═════ DATA PROVIDED ═════
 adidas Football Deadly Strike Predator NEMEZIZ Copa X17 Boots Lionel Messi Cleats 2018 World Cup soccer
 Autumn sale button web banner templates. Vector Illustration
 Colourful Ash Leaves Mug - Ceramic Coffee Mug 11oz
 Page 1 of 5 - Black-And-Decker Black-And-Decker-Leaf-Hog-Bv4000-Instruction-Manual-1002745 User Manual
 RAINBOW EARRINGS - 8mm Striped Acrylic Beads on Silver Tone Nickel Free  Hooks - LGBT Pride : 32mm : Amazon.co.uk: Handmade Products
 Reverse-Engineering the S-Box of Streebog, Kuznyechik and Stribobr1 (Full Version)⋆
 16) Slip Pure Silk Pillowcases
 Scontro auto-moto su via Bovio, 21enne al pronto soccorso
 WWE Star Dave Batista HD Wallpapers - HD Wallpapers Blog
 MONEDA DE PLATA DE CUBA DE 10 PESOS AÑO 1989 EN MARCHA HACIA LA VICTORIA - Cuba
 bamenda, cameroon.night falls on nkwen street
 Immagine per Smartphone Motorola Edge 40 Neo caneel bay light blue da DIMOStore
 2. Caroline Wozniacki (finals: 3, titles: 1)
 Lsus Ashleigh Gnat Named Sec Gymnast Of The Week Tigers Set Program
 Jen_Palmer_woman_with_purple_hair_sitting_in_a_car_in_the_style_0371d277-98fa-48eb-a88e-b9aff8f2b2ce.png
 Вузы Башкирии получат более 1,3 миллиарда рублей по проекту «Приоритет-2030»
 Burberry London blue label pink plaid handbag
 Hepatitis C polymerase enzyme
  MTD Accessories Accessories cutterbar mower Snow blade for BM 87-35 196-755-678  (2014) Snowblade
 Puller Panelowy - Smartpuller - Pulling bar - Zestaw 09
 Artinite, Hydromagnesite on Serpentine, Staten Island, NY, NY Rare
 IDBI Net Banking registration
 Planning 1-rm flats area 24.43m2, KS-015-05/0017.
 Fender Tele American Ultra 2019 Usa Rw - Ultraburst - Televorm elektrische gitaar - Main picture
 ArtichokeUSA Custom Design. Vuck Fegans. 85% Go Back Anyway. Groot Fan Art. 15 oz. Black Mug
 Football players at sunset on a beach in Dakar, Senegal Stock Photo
═════
Every line from the one that holds "MTD Accessories Accessories" to the end of the data above should be given again exactly, with that line and the last one both kept.

  MTD Accessories Accessories cutterbar mower Snow blade for BM 87-35 196-755-678  (2014) Snowblade
 Puller Panelowy - Smartpuller - Pulling bar - Zestaw 09
 Artinite, Hydromagnesite on Serpentine, Staten Island, NY, NY Rare
 IDBI Net Banking registration
 Planning 1-rm flats area 24.43m2, KS-015-05/0017.
 Fender Tele American Ultra 2019 Usa Rw - Ultraburst - Televorm elektrische gitaar - Main picture
 ArtichokeUSA Custom Design. Vuck Fegans. 85% Go Back Anyway. Groot Fan Art. 15 oz. Black Mug
 Football players at sunset on a beach in Dakar, Senegal Stock Photo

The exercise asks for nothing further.